If you follow the international warbird scene at all you may be familiar with 'Red 7', the Bf 109G-4 (actually a converted Buchon) which was restored to airworthy condition fairly recently. If you haven't seen this beauty, here she is...






Image source/credit: unknown web

Unfortunately, she crashed yesterday... pilot is okay...

*Bruchlandung der alten 'Me 109'* (Crash landing of the old ' ME 109 ')

*30.000 Arbeitstunden Restauration in Trümmern* (30,000 work hours of restoration in rubble)

If you don't know German you can use an online translator such as *Babel Fish* to read the article.


Fade to Black...


----------



## Gnomey (Jul 16, 2005)

Shame to see that happened but at least the pilot was OK.

Note: the picture doesnt appear


----------



## Nonskimmer (Jul 16, 2005)

I see it fine. Nice pic. Damn shame about the crash though.


----------



## plan_D (Jul 16, 2005)

A real shame. Good thing the pilot is okay but still - it's always sad to lose a warbird.


----------



## Gnomey (Jul 16, 2005)

Nope still dont see it in Firefox or IE


----------



## FLYBOYJ (Jul 16, 2005)

AHHHHH! that totally sucks! It's good the pilot ok, OK but my god a restored G-4 gone!

There was an Emil flying in California prior to my departure in the spring of 2003. I saw "white 14" fly in Mojave - and supposedly Hans Joaquin Marselle flew it!

Evan - if you read this, has it ever gone into Camarillo?


----------



## Erich (Jul 16, 2005)

I saw marseille's 109E several years ago over Chino. Great experience and then first hand close-up of the unit.

The 109G-4 Merlin enigne seized and the pilot took it down or tried to but it was not pilot error as originally thought....sad shame


----------



## Wildcat (Jul 17, 2005)

Crap! I hate it when we lose old warbirds.

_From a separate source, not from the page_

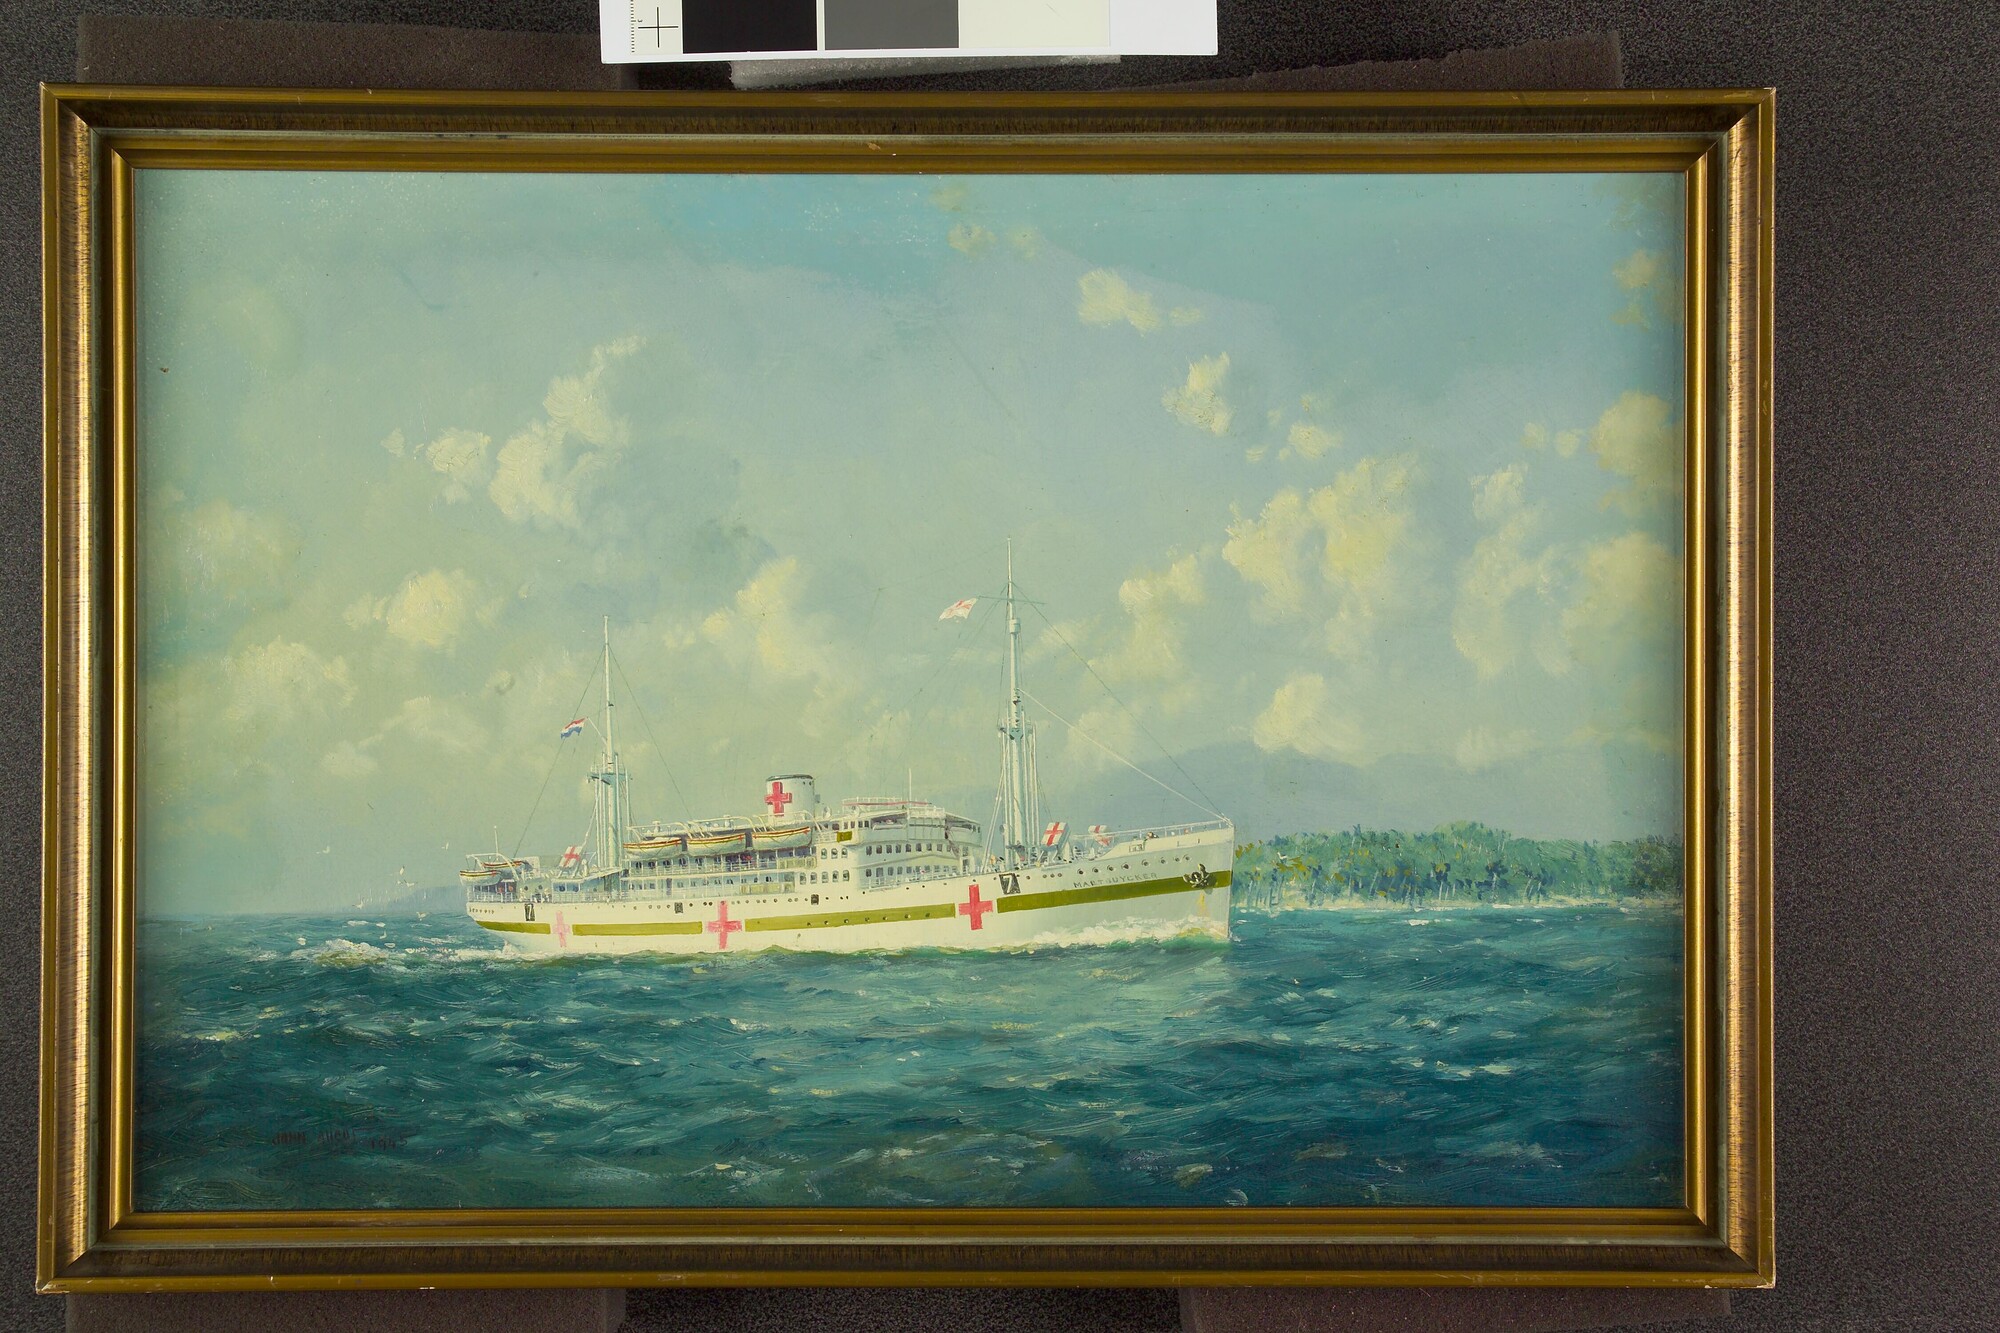 2005.2073; Het ms. Maetsuycker van de Koninklijke Paketvaart-Maatschappij als hospitaalschip; schilderij

Still, lucky 'bout the pilot..


----------



## BlackWolf3945 (Jul 17, 2005)

FLYBOYJ said:


> There was an Emil flying in California prior to my departure in the spring of 2003. I saw "white 14" fly in Mojave - and supposedly Hans Joaquin Marselle flew it!

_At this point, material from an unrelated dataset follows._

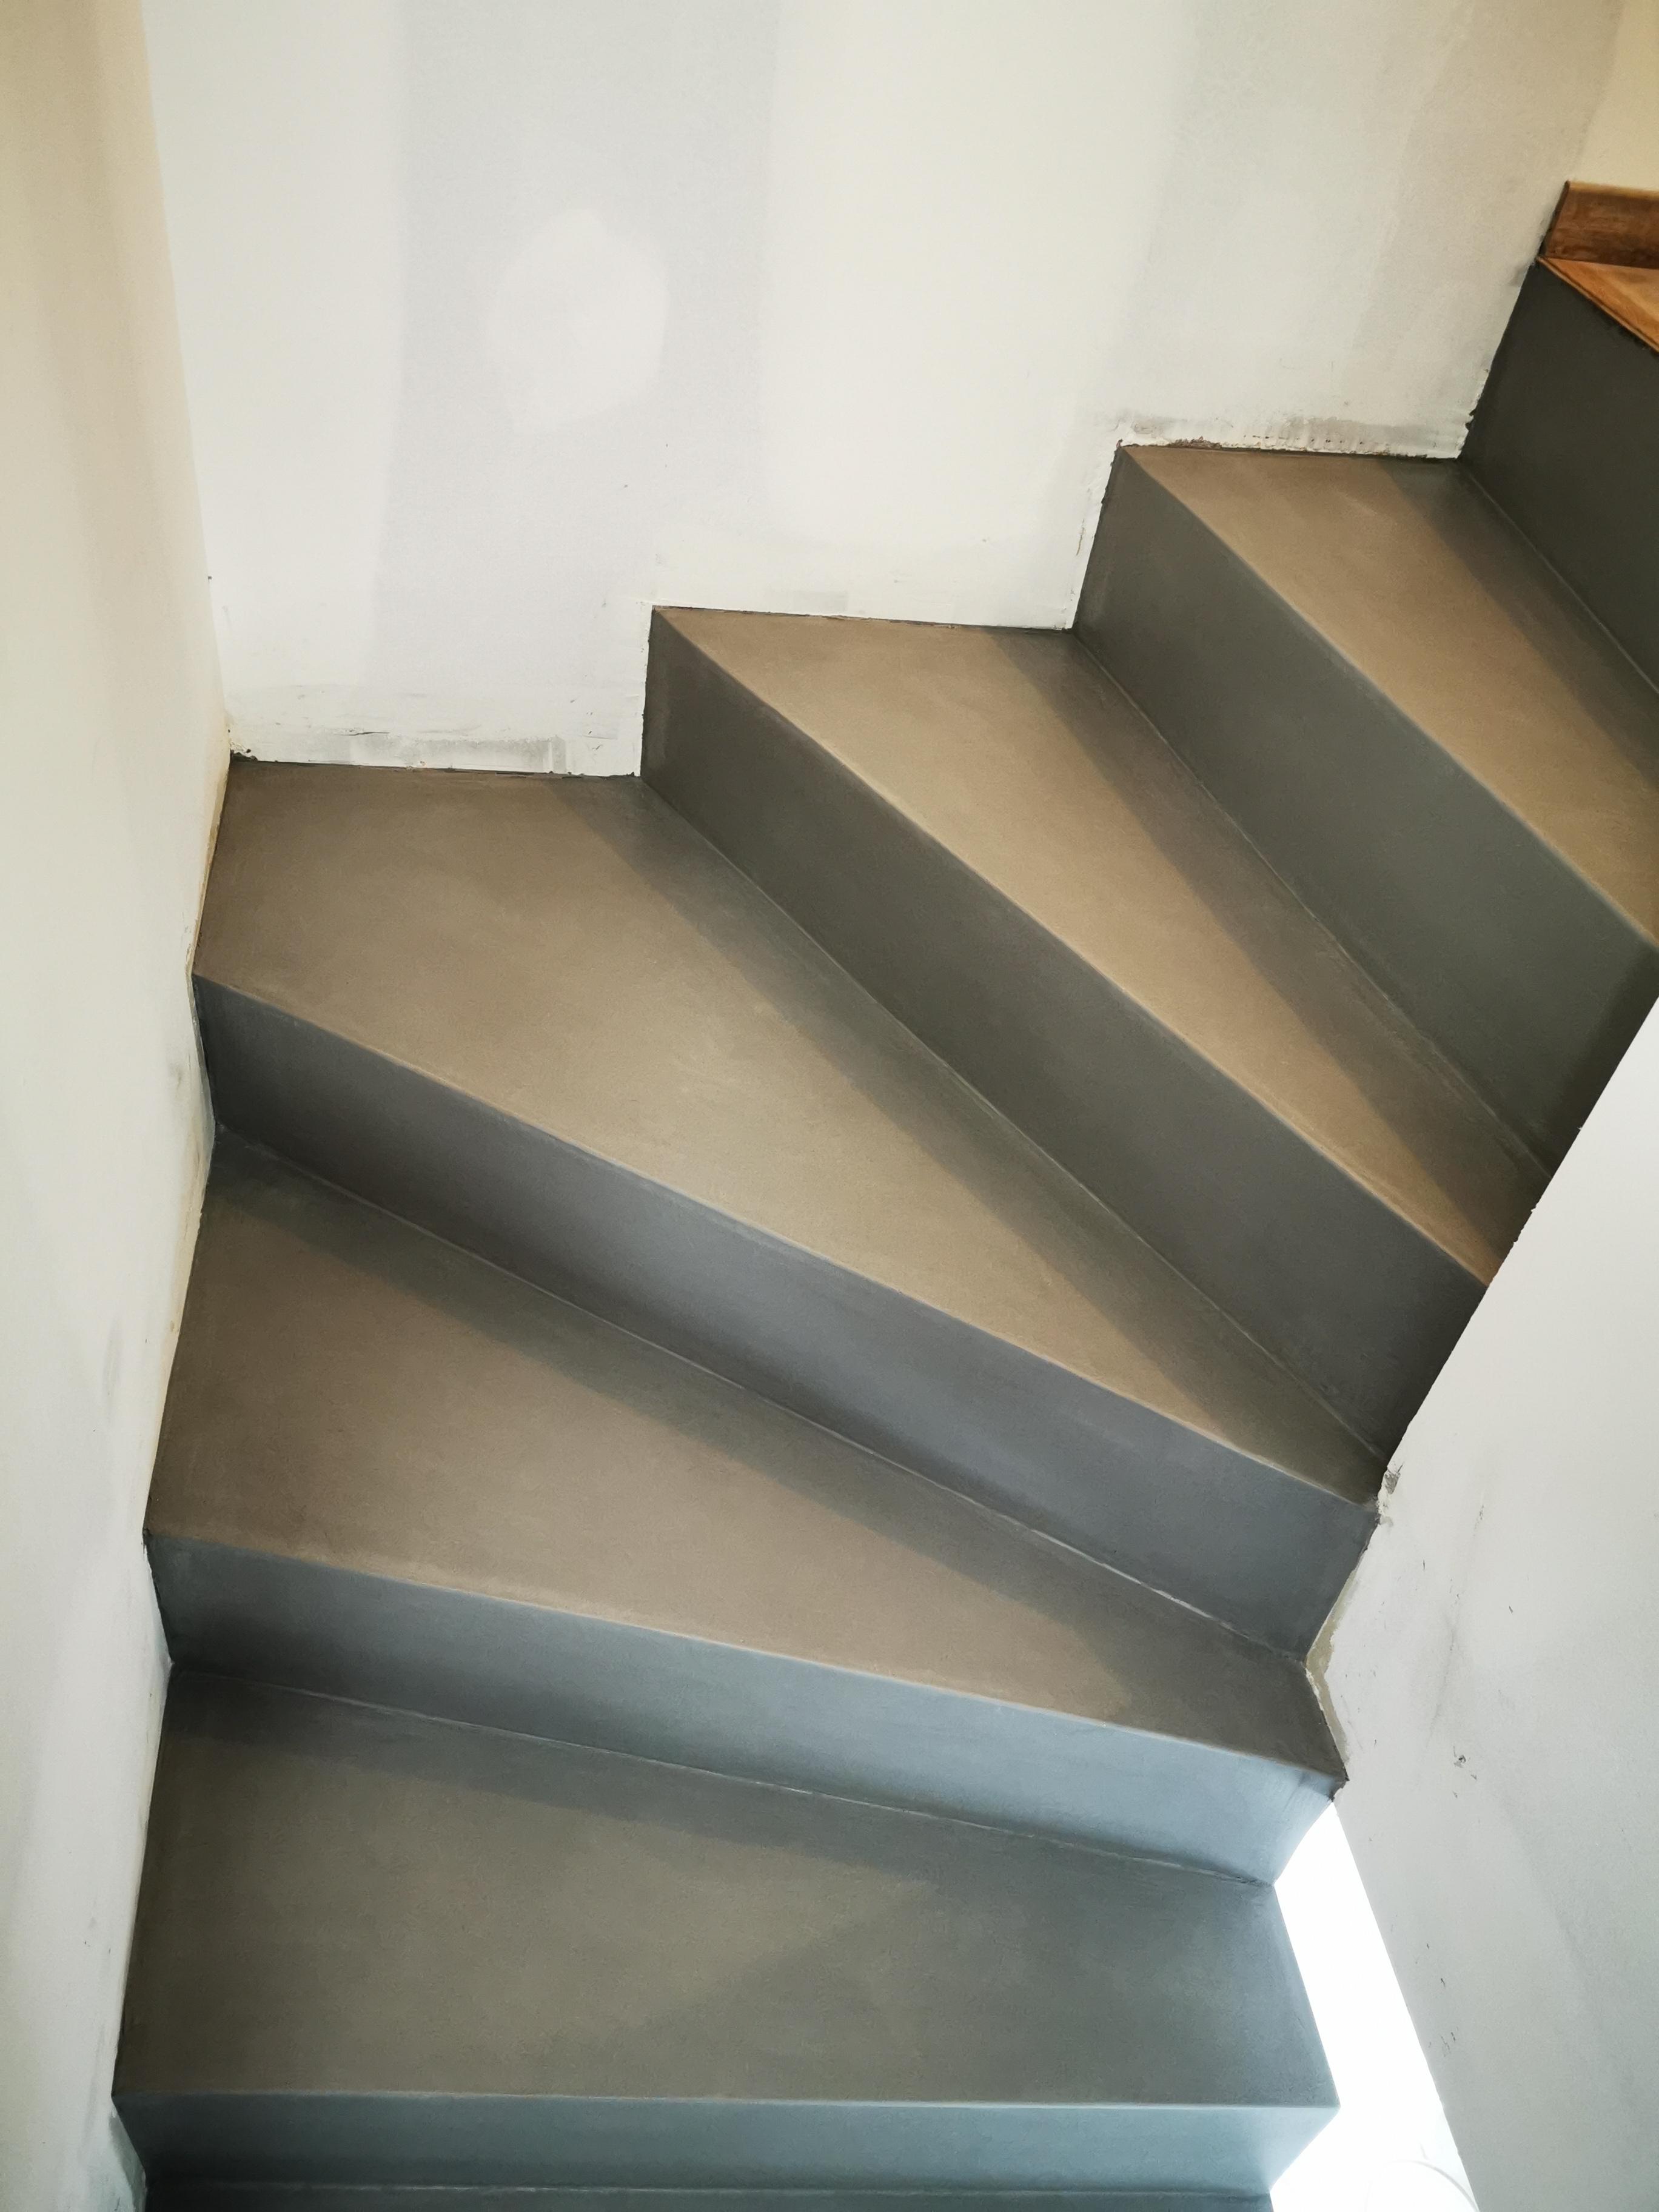 Béton ciré gris sur les marches balancées d'un escalier confortable dans une maison individuelle

That ship is now part of 'The Russell Group' and is hangared in Niagara Falls, Ontario about 30-40 minutes away from me...

More info about the Russell Group HERE...


Here's a few shots a pal of mine took at the Russell Group Show last month...

















You can see some more shots of 'White 14' at the following links...

*Russell Air Group Show - 3 June 2005*
*Bf109E-4 W.Nr 3579*

The second link also has three videos.


Fade to Black...


----------



## Nonskimmer (Jul 17, 2005)

Beautiful pics! 
I saw Ed Russell's Spitfire Mk.IX and the Hurricane at an airshow a long time ago.


----------



## trackend (Jul 17, 2005)

Super snaps BW very rare planes


----------



## evangilder (Jul 17, 2005)

Man, I hate to see that happen. Thank god the pilot is okay. I don't know if we have had a 109 visit Camarillo in the last few years, but I haven't seen one there in about 6 years or so. I did see one at Van Nuys, back when they used to actually _fly_ at that show. It's like Hawthorne now, just a bunch of static displays.


----------



## FLYBOYJ (Jul 17, 2005)

Yep - that's it! It was at Mojave for a long time, when the museum's restoration hangar was there I used to walk over there all the time and watch the progress as I worked just down the ramp. When it flew it always seemed they were real cautiose with it. Mojave airport was always really windy (30 - 40 mph common wind speeds) so they only flew it on calm days.


----------